- **ABOUT THIS TASK**
Could all of the entries be written out exactly, with any pictures omitted?

************

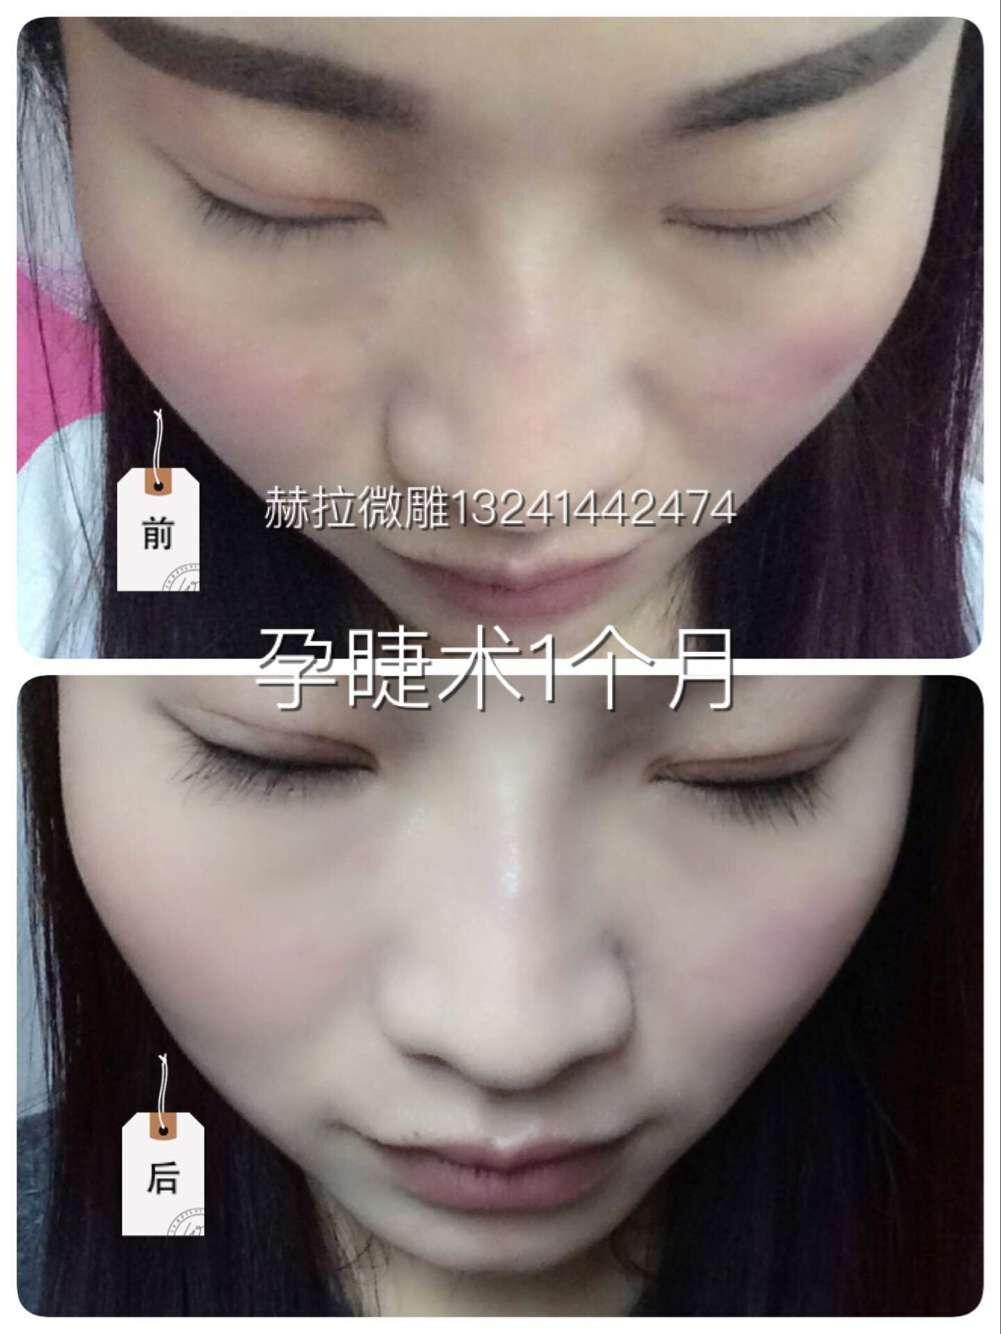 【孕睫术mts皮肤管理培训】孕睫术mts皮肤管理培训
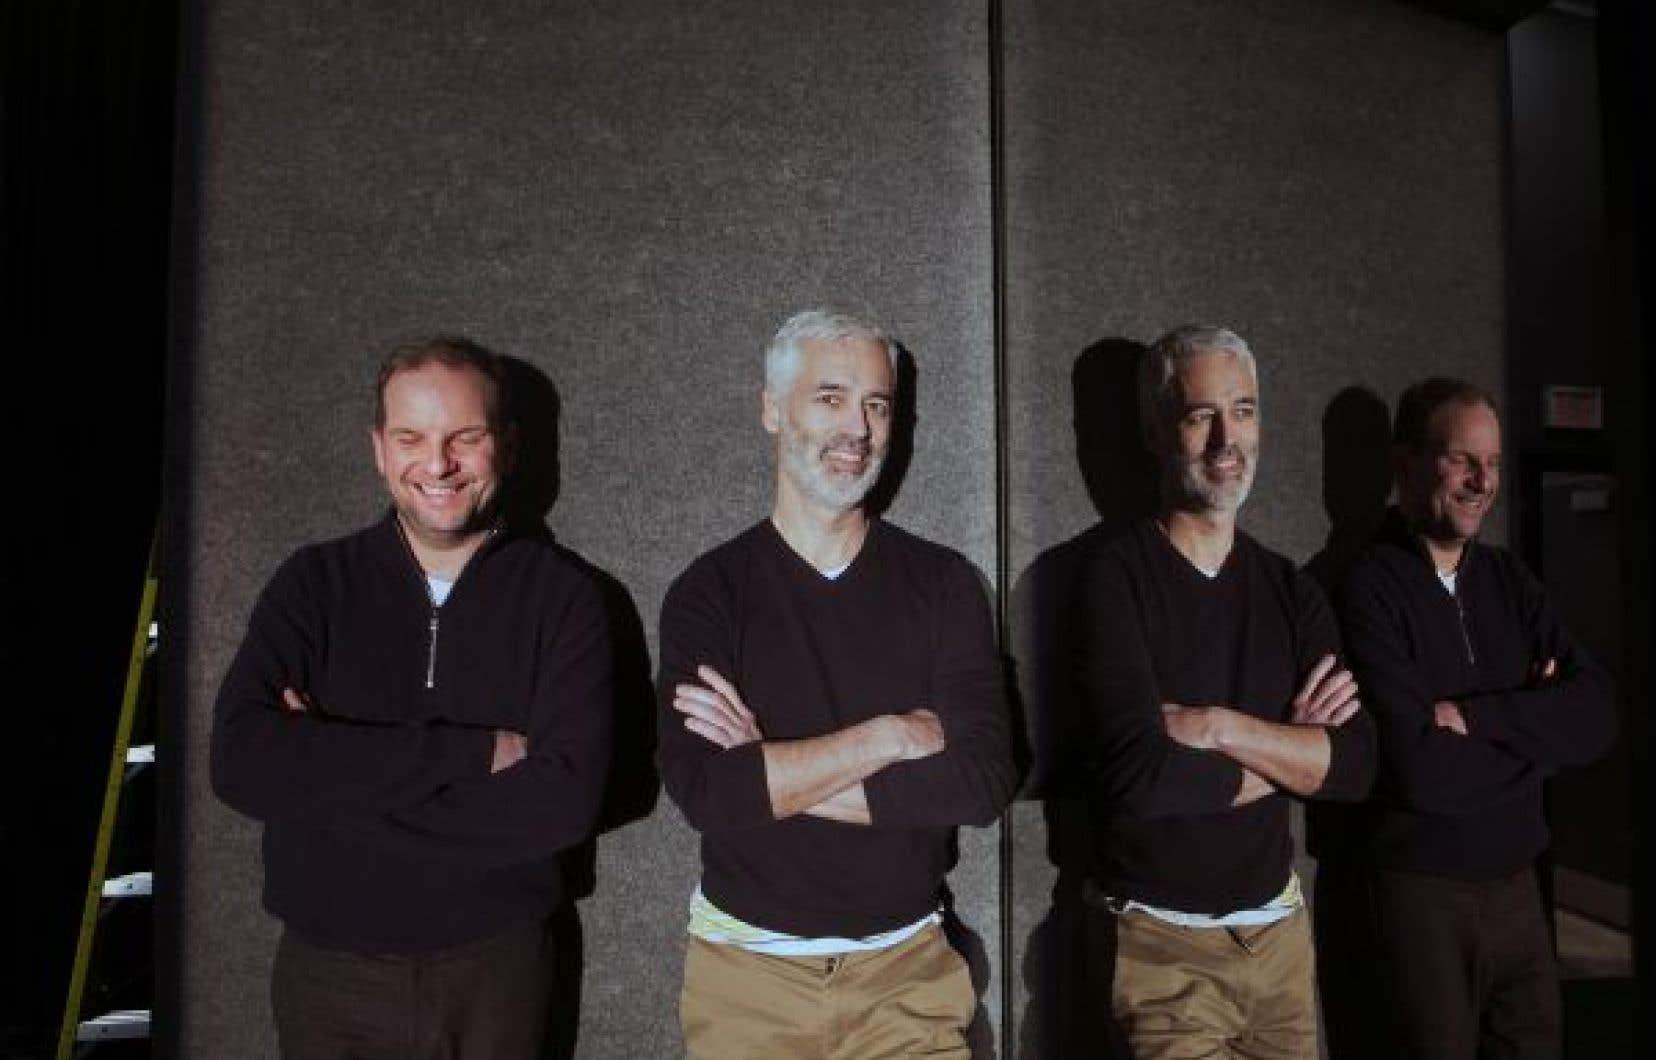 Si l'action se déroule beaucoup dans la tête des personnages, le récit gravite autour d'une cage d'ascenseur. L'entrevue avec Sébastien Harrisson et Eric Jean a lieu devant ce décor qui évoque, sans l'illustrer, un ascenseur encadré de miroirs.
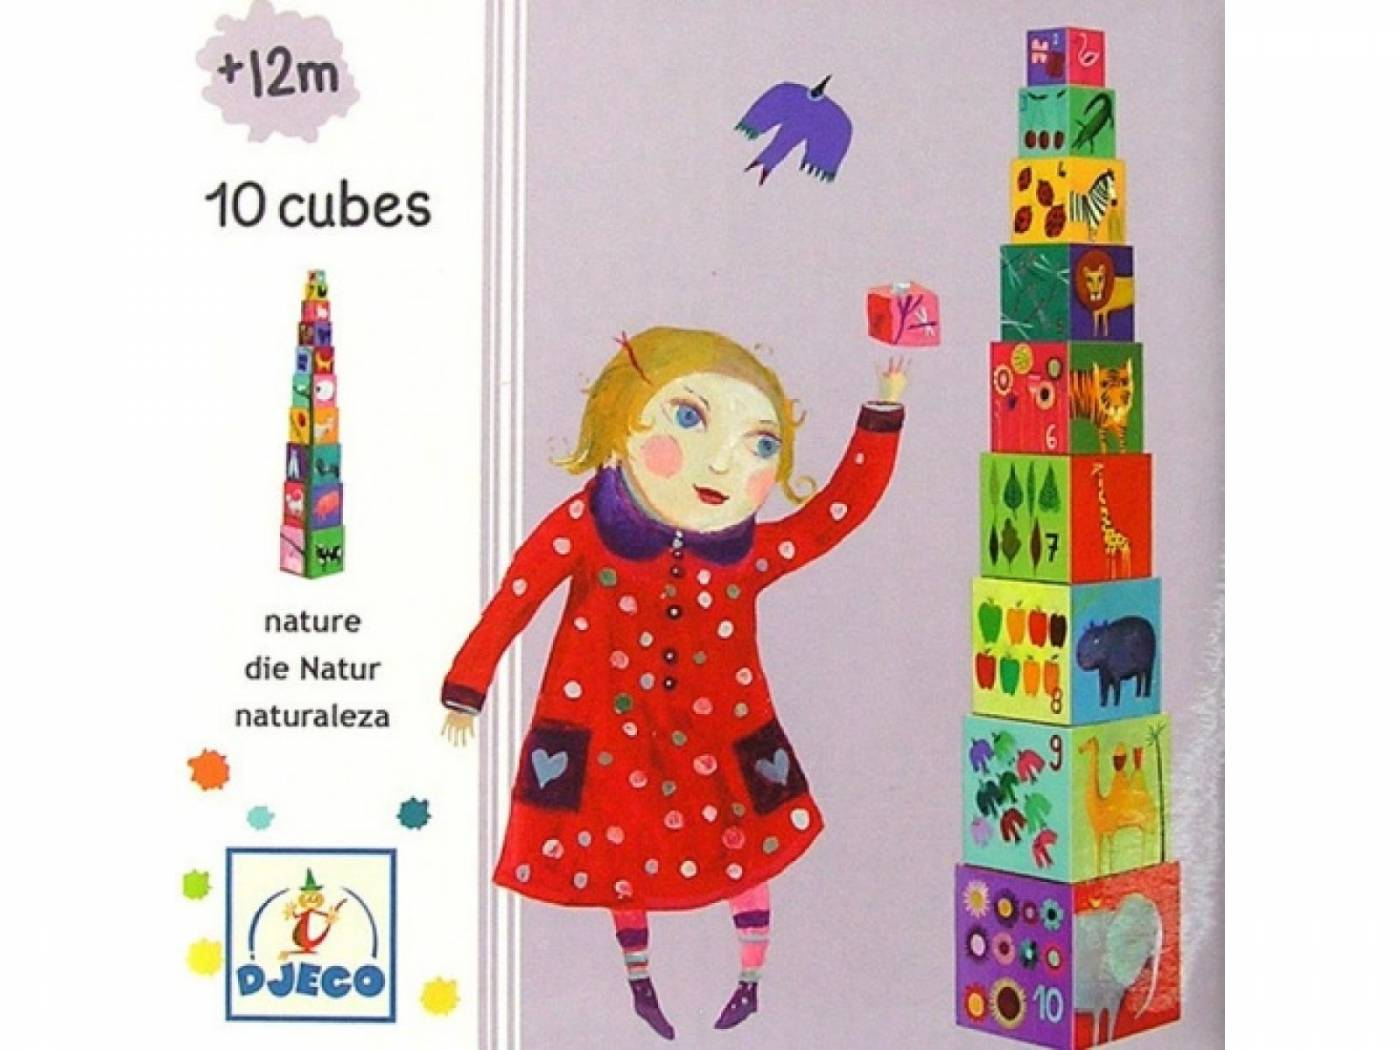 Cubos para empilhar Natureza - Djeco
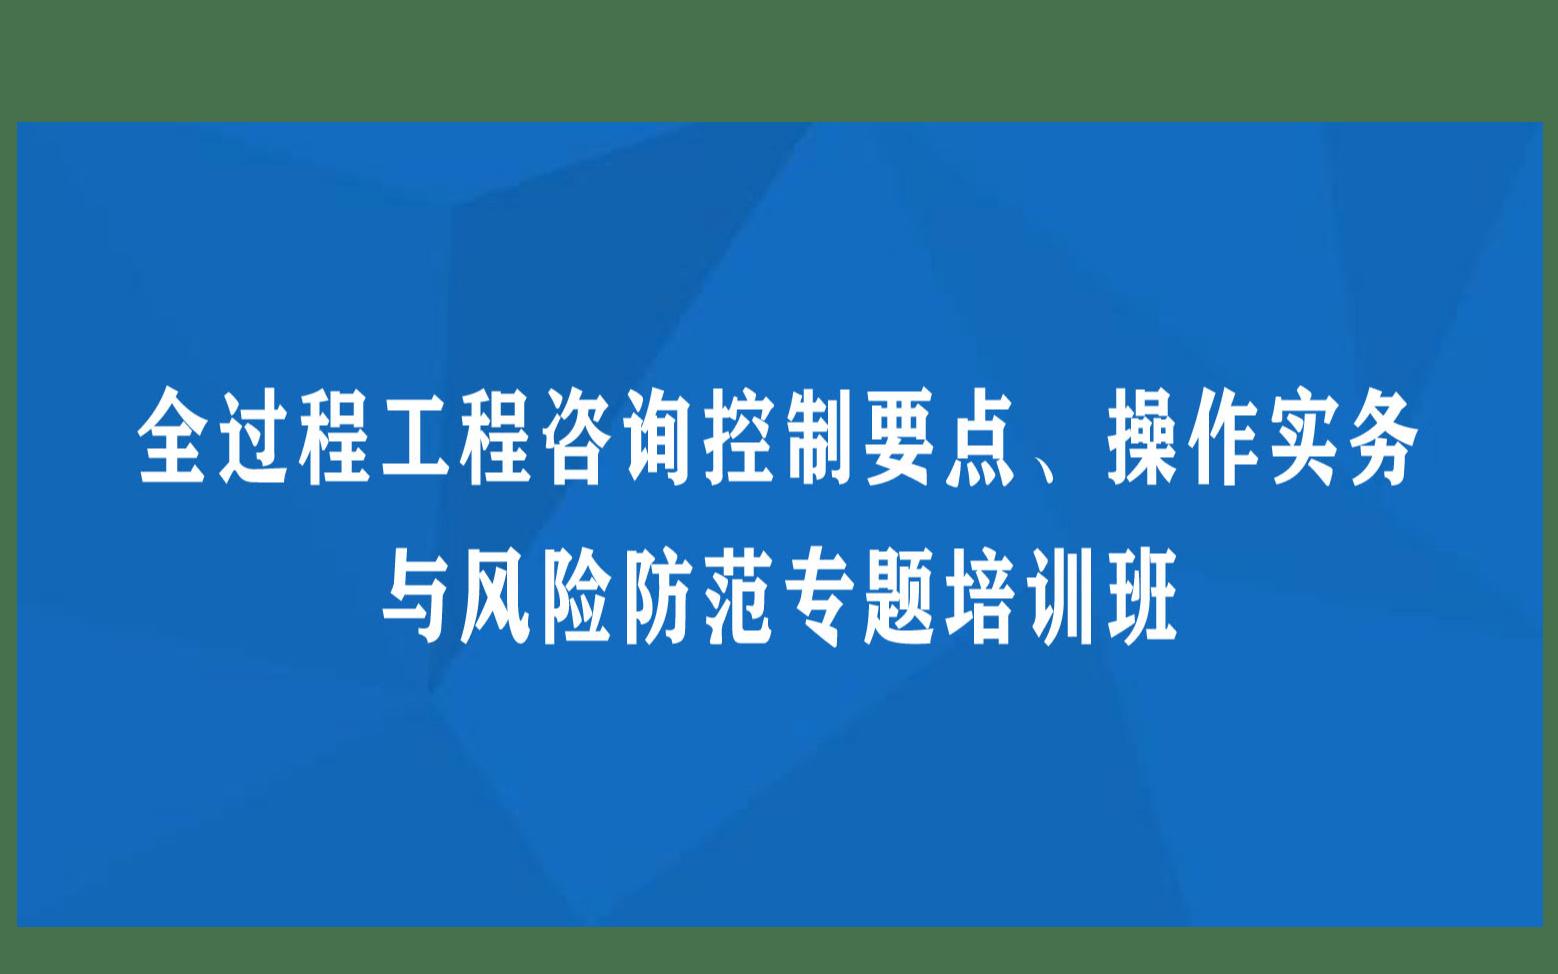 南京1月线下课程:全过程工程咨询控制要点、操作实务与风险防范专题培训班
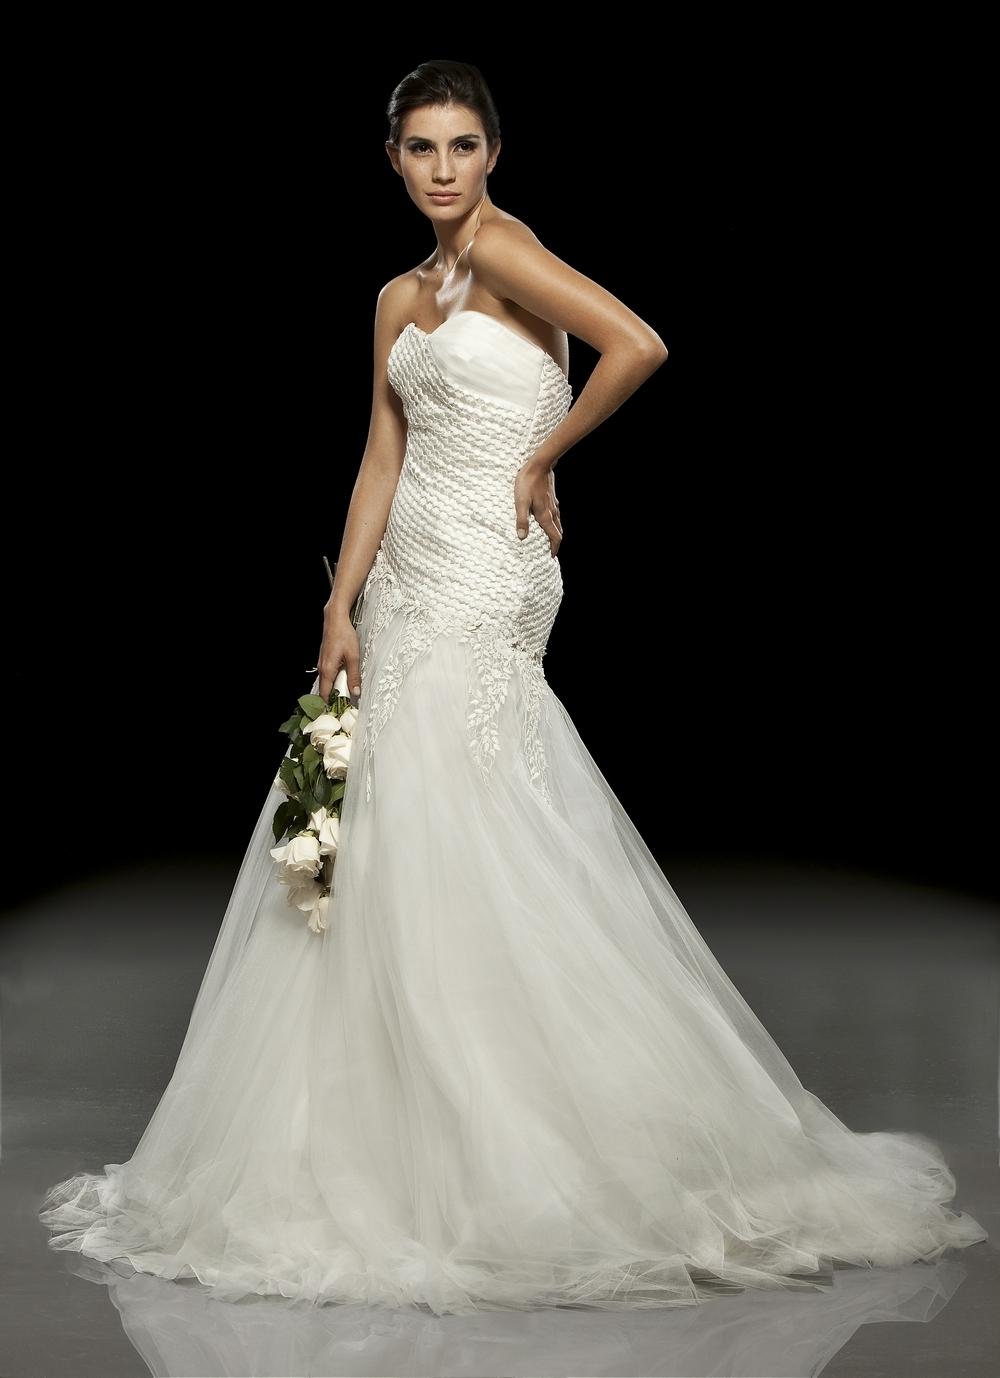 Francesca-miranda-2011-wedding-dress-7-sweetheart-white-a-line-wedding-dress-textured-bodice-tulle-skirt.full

************

- **SOLVED PROBLEM**
 【孕睫术mts皮肤管理培训】孕睫术mts皮肤管理培训
 Si l'action se déroule beaucoup dans la tête des personnages, le récit gravite autour d'une cage d'ascenseur. L'entrevue avec Sébastien Harrisson et Eric Jean a lieu devant ce décor qui évoque, sans l'illustrer, un ascenseur encadré de miroirs.
 Cubos para empilhar Natureza - Djeco
 南京1月线下课程:全过程工程咨询控制要点、操作实务与风险防范专题培训班
 Francesca-miranda-2011-wedding-dress-7-sweetheart-white-a-line-wedding-dress-textured-bodice-tulle-skirt.full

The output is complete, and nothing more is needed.